Submitted by Judy on Tue, 12/06/2011 - 15:06
Cooqi GF Donuts (the ones from the bakery!)
Remember these? I get lots of requests for the donut recipe from the bakery, and here it is!! We didn't fry our donuts, simply baked them in a special donut-shape pan (looks like this). Which means you can make them at home with a minumum of fuss, and enjoy your own 'Sundays at Cooqi'--any day of the week!

• 2 c. Cooqi Cake + Pastry Flour
• 2 tsp. baking powder
• 1 tsp. salt
• ½ tsp cinnamon
• ½ tsp nutmeg
• ¾ c. sugar
• 2 T oil or melted butter
• 2 eggs
• ¾ c. rice or cow milk
• 1 tsp vanilla
Preheat oven to 350°F. Spray donut baking pans well with oil.

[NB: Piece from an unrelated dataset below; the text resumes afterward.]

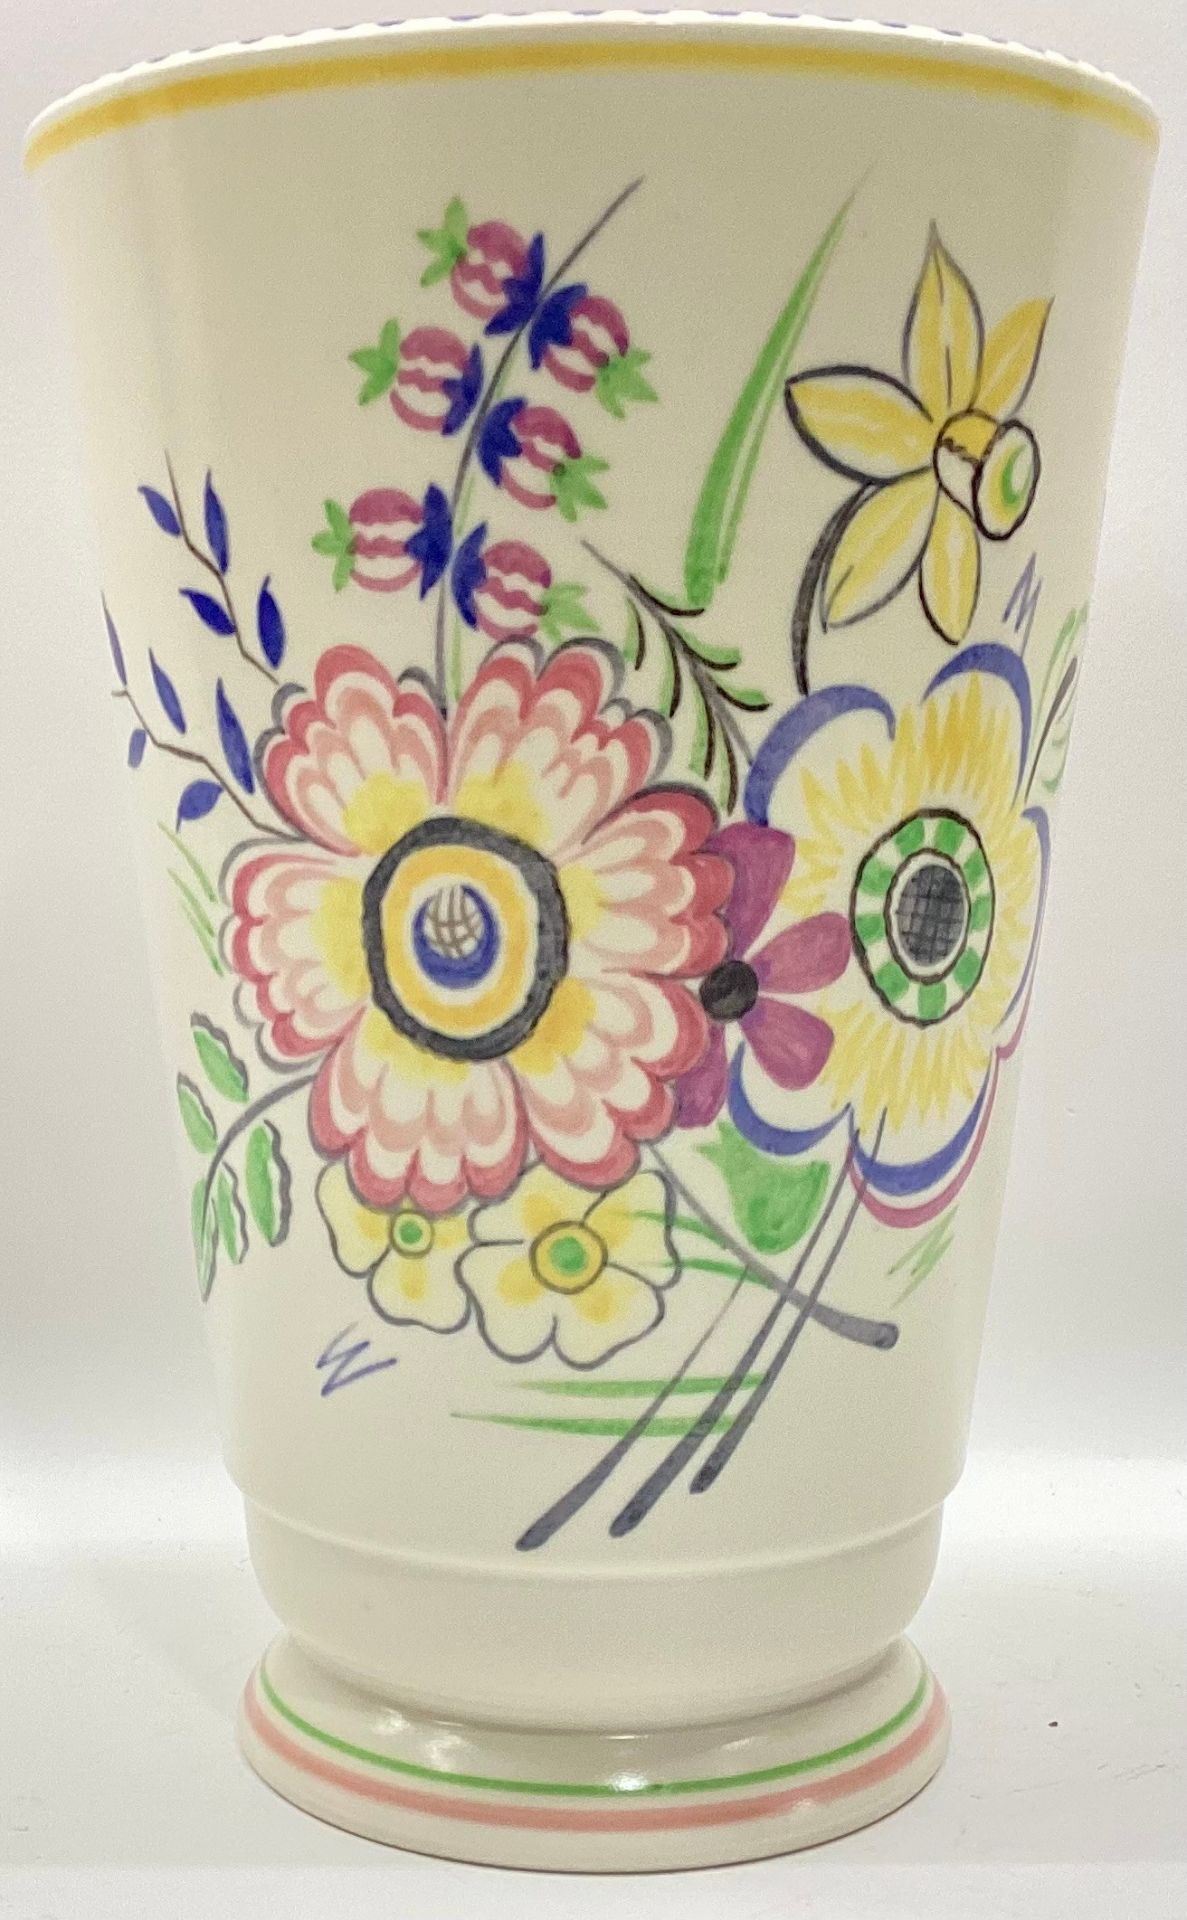 Poole Pottery shape 166 BD pattern vase 9.5" high.

Combine flour, baking powder, salt, and spices in a small bowl and set aside. In bowl of electric stand mixer fitted with the whip attachment, mix together sugar, oil or butter, eggs, milk, and vanilla. With mixer running on low, slowly incorporate dry ingredients until batter is smooth (it will be quite wet). Cover and chill in refrigerator for 30 minutes.
Spoon chilled batter into prepared donut pans and smooth with a spatula or the back of a spoon to spread evenly. Bake for 8 minutes at 350, turn pans in oven, and bake for an additional 2-3 minutes. Remove donuts from pan to a cooling rack immediately after taking them from the oven. Allow to cool thoroughly. Dip in glaze or powdered sugar when cool.
Donut Glaze
This is not really so much a recipe as it is a general list of ingredients you mix until you get it to the right consistency/taste. You start with powdered sugar (say, 1 c.). If you want chocolate glaze, add cocoa powder (start with a couple tablespoons, add more as you see fit). If you want other flavors (vanilla, lemon, maple, etc.), add about 1-2 tsp of the relevant extract. Then, add water to the sugar/mix in increments of 1 tablespoon at a time, and whisk very throughly until the glaze attains the consistency you want--not too liquidy, not too stiff. If it gets too wet, just add more of the dry ingredients again. Be conservative when adding water, as a little goes a surprisingly long way.
When your glaze is to your liking, you can spoon it over cooled donuts, or dunk the donuts right into the glaze. If you want stripes or fancy patterns, mix it up (though I don't recommend double-dunking, for potentially obvious reasons).